# Gödel's Incompleteness Theorem and Turing Machines

## A Brief Introduction to Turing Machines

Informally, a Turing machine is a finite state machine with an infinite tape as memory. A Turing machine has accepting and rejecting states, from which it immediately halts. Transitions between states determine the actions of the tape head, where the tape head can (1) move left or right and (2) perform a read or write on the tape. While the tape is infinitely long, the tape’s has a leftmost cell, which is indicated by a distinct symbol, say $*$, so that the machine knows when the tape head can no longer move left.

// figure of Turing machine here

Let $M$ be a Turing machine and let $s_i$ be an input string. We say that $M(s_i)$ accepts if $M$ reaches an accept state when processing input $s_i$. Likewise, $M(s_i)$ rejects if $M$ reaches a reject state when processing input $s_i$. Below is the formal definition of a Turing machine from Sipser, M. (2013).
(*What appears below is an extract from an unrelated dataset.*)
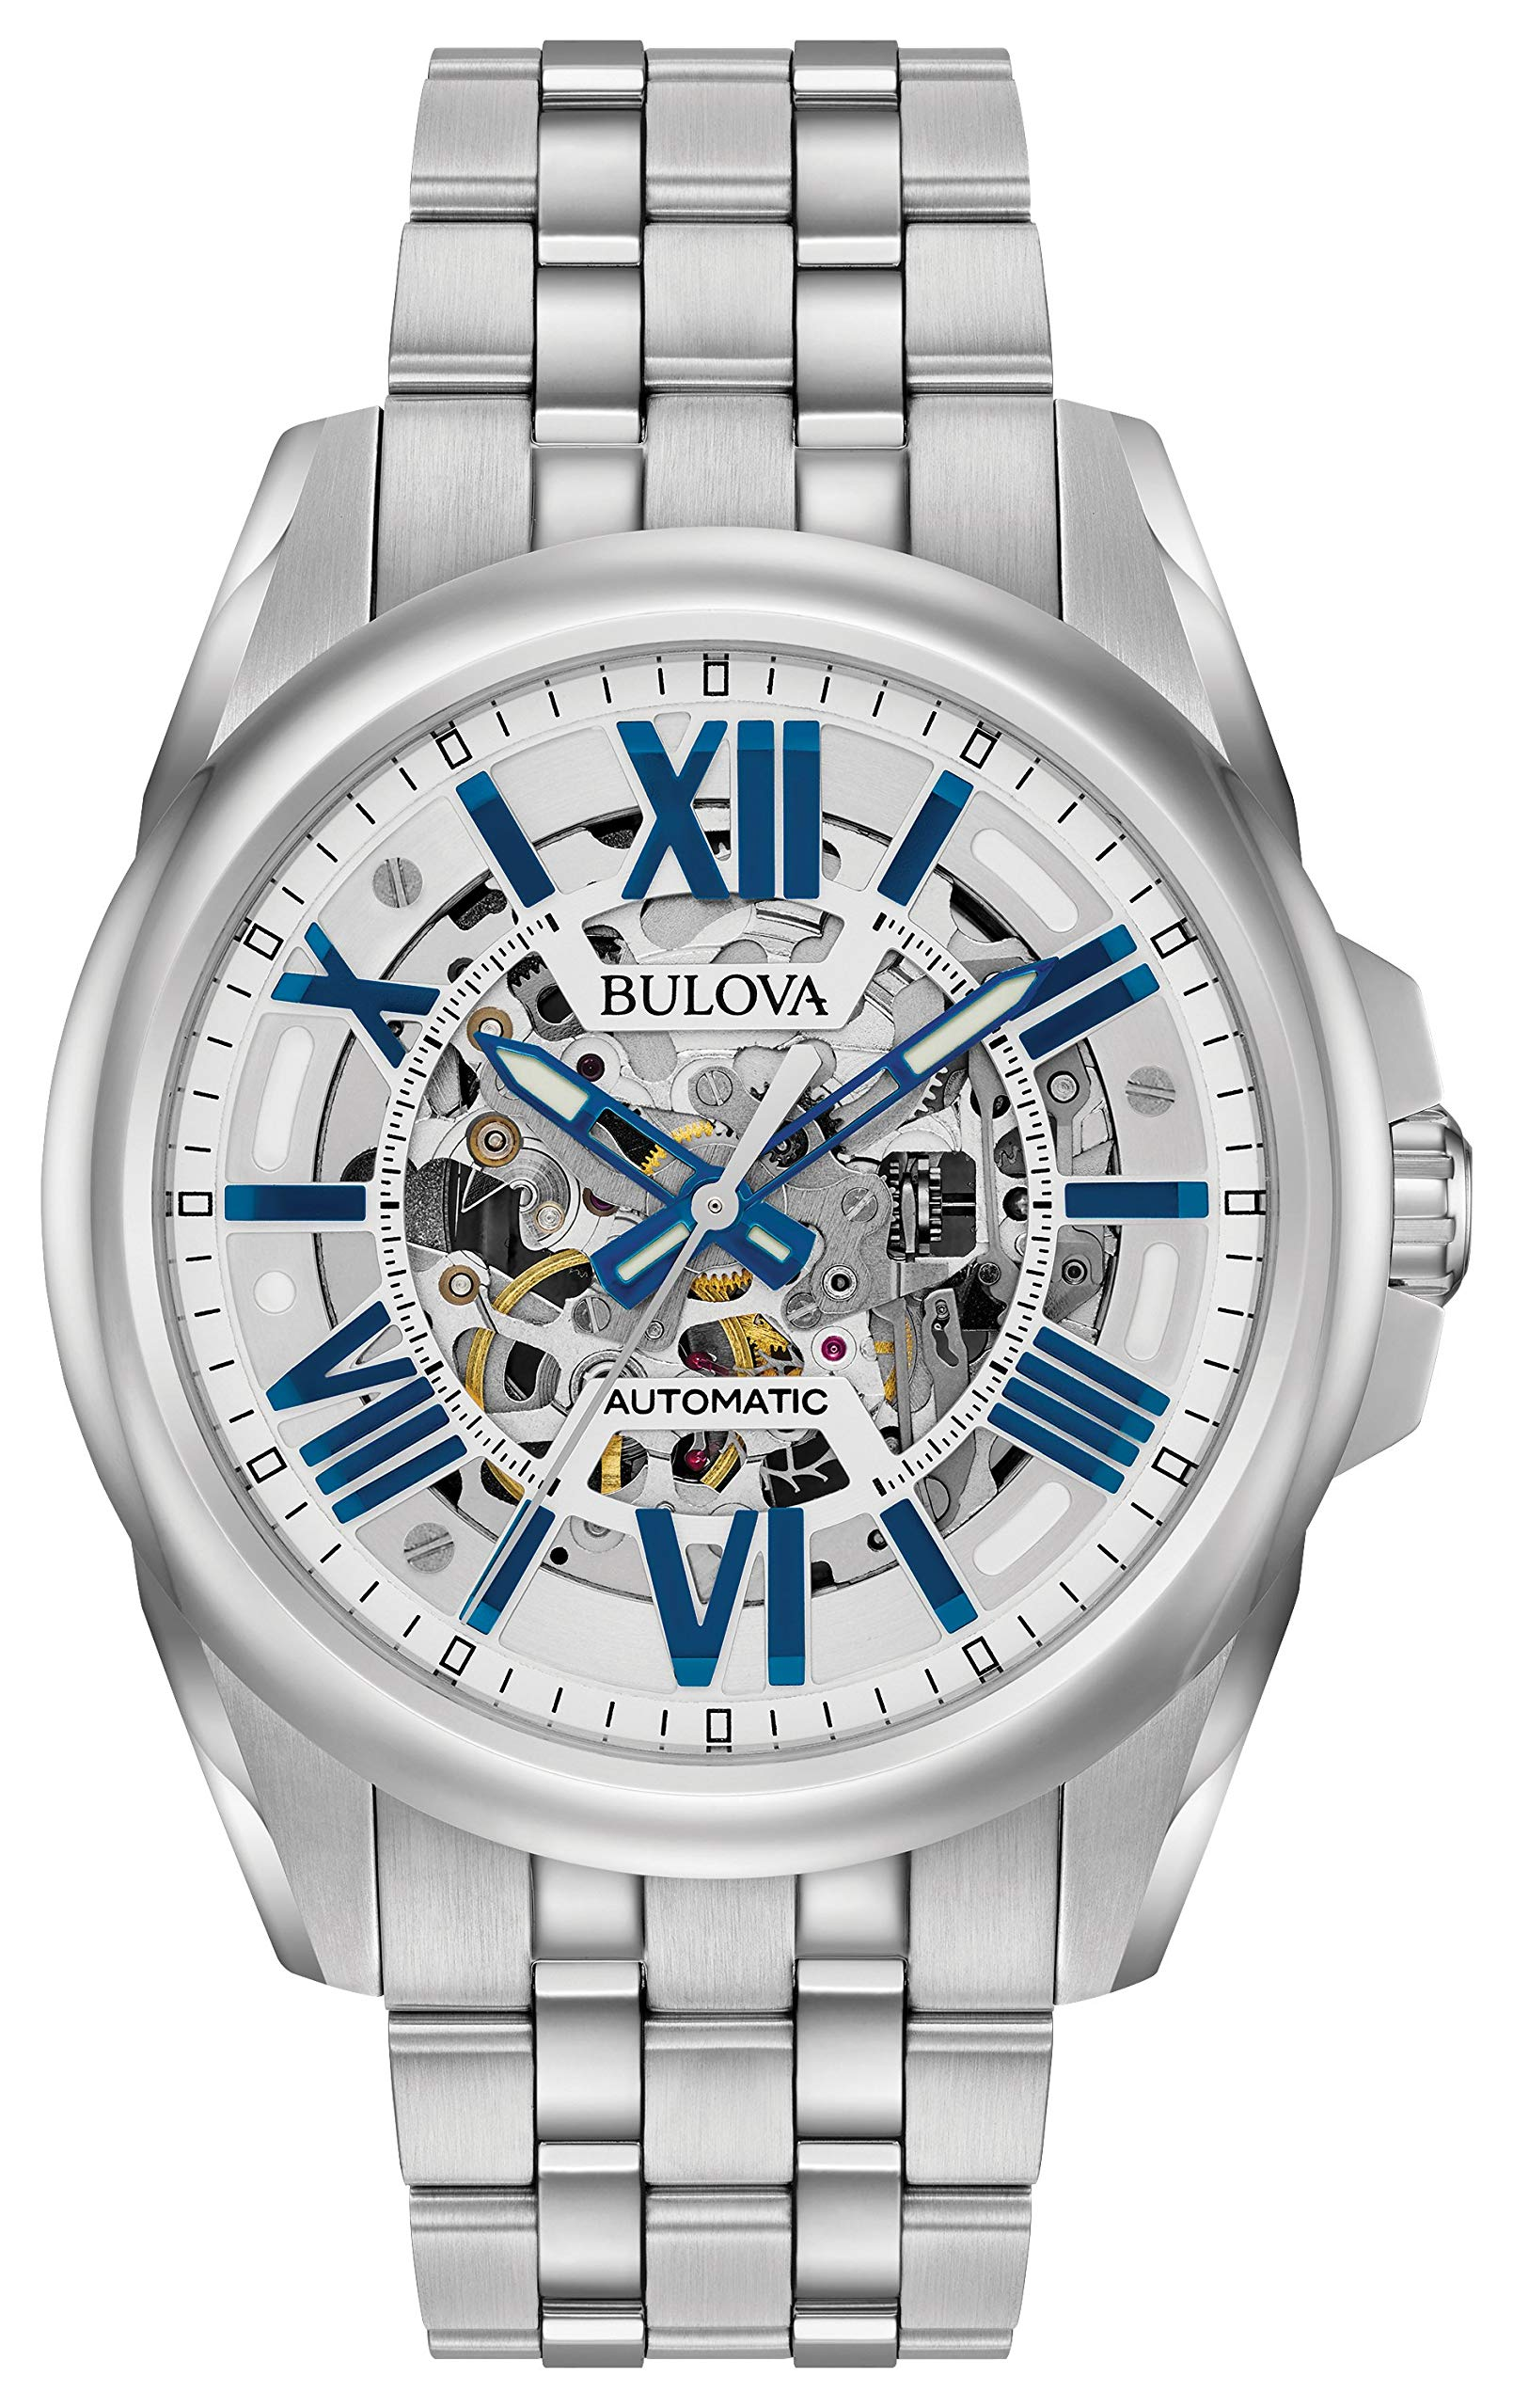 Bulova Mechanical Hand Wind Watch Stainless Steel Silver

Definition 1.1 (Turing machine).A Turing machine is a 7-tuple, $(Q, \Sigma, \Gamma, \delta, q_0, q_{accept}, q_{reject})$, where $Q, \Sigma, \Gamma$ are all finite sets and

- $Q$ is the set of states,
- $\Sigma$ is the input alphabet not containing the blank symbol ␣,
- $\Gamma$ is the tape alphabet, where ␣ $\in \Gamma$ and $\Sigma \subseteq \Gamma$,
- $\delta : Q \times \Gamma \rightarrow Q \times \Gamma \times \{L, R\}$ is the transition function
- $q_o \in Q$ is the start state,
- $q_{accept} \in Q$ is the accept state, and
- $q_{reject} \in Q$ is the reject state, where $q_{reject} \neq q_{accept}$.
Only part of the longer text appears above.